請求項９または請求項１０に記載の核酸分子を有するベクター。
請求項９または請求項１０に記載の核酸分子あるいは請求項１１に記載のベクターを含む細胞。
請求項１２の細胞を培養することを含む、請求項１～８のいずれか一項に記載の抗体またはその改変体の製造方法。
請求項１～８のいずれか一項に記載の抗体またはその改変体のうちの少なくとも１つを含む、免疫寛容が誘導された細胞を作製するための組成物。
アンタゴニスティック抗ＣＤ８０抗体、アンタゴニスティック抗ＣＤ８６抗体、アンタゴニスティック抗ＣＤ２８抗体、もしくはＣＤ８０およびＣＤ８６に対するアンタゴニスティック二重特異性抗体、またはそれらの改変体、あるいはこれらの任意の組み合わせを含む、請求項１４に記載の組成物。
請求項１～８のいずれか一項に記載の抗体またはその改変体と、被験体由来の細胞と、該被験体に由来しない抗原または該抗原の含有物とを混合するステップを含む、該被験体に由来しない抗原によって生じる疾患、障害または状態を処置または予防するための細胞を製造するための方法。

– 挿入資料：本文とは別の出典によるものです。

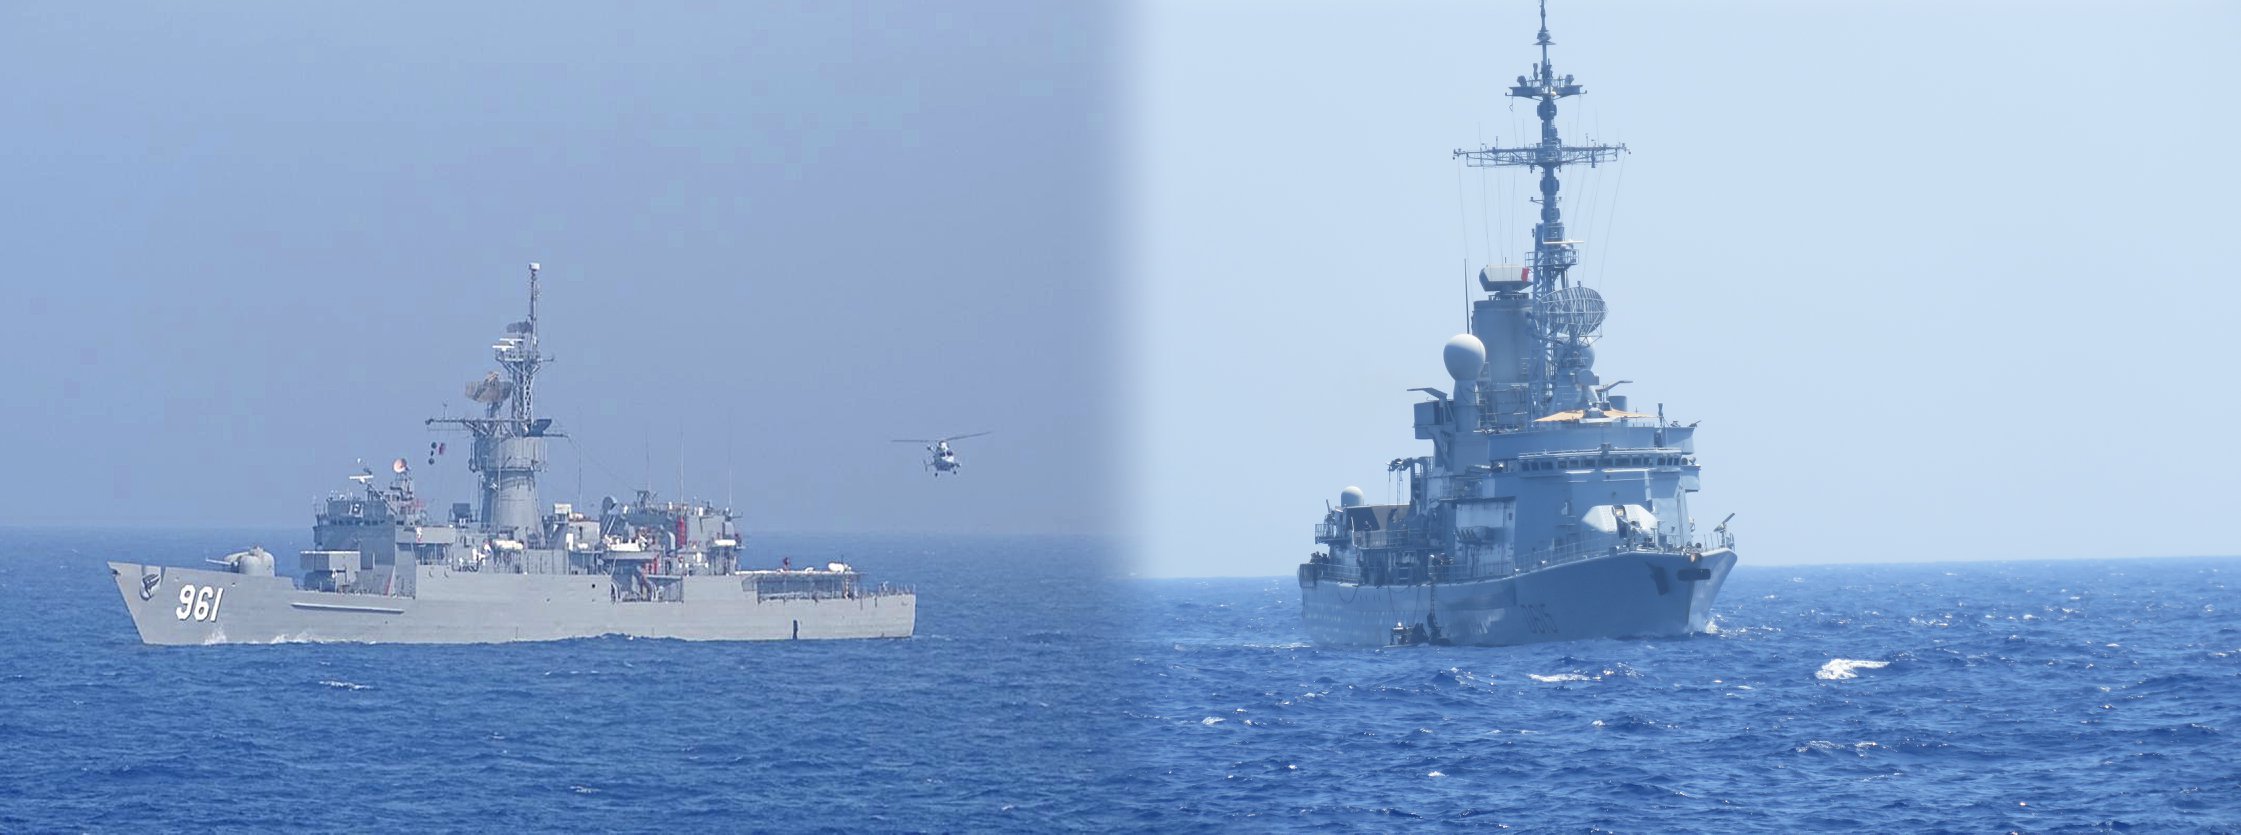   القوات البحرية المصرية والفرنسية تنفذان تدريب بحرى عابر بالبحر المتوسط

前記疾患、障害または状態は、移植免疫拒絶反応、アレルギー、自己免疫疾患、移植片対宿主病、ならびにｉＰＳ細胞またはＥＳ細胞およびそれらの細胞由来の細胞、組織または臓器の移植によって引き起こされる免疫拒絶反応からなる群より選択される、請求項１６に記載の方法。

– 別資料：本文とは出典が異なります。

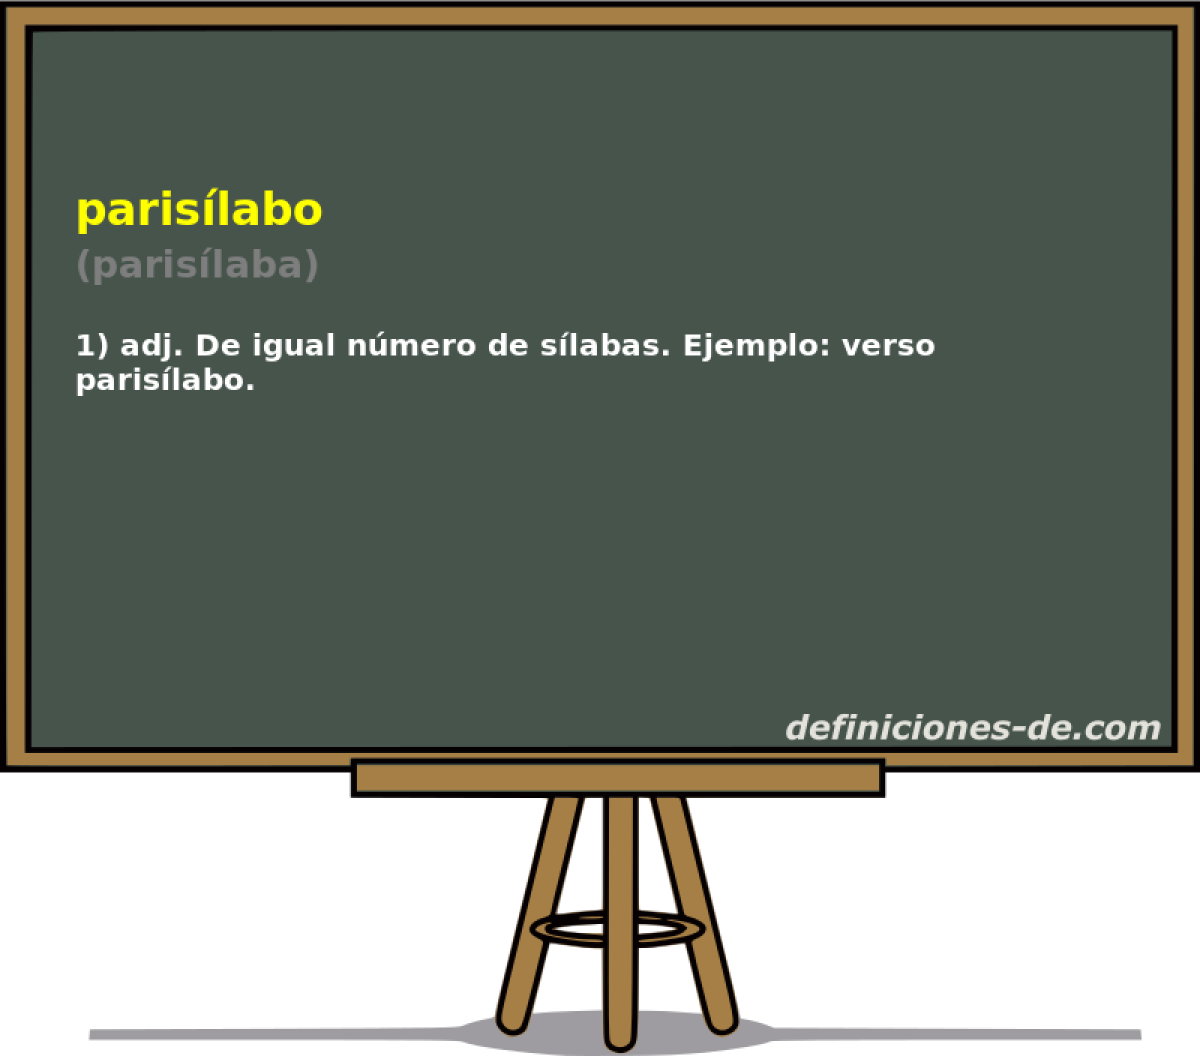 parislabo (parislaba)

前記抗原の含有物は細胞である、請求項１６または１７に記載の方法。
前記キメラ抗体がマウスとヒトのキメラ抗体である、請求項１～８のいずれか一項に記載の抗体またはその改変体。
免疫寛容が誘導されていない細胞と比較して、前記被験体の細胞における^３Ｈ－チミジン取込み量が約７３％低減される、請求項１～８、及び１９のいずれか一項に記載の抗体またはその改変体。
配列番号３８に記載のアミノ酸配列を有する重鎖および配列番号４０に記載のアミノ酸配列を有する軽鎖を有する、請求項１～８、１９、及び２０のいずれか一項に記載の抗体またはその改変体と、配列番号４２に記載のアミノ酸配列を有する重鎖および配列番号４４に記載のアミノ酸配列を有する軽鎖を有する、請求項１～８、１９、及び２０のいずれか一項に記載の抗体またはその改変体との組み合わせ物。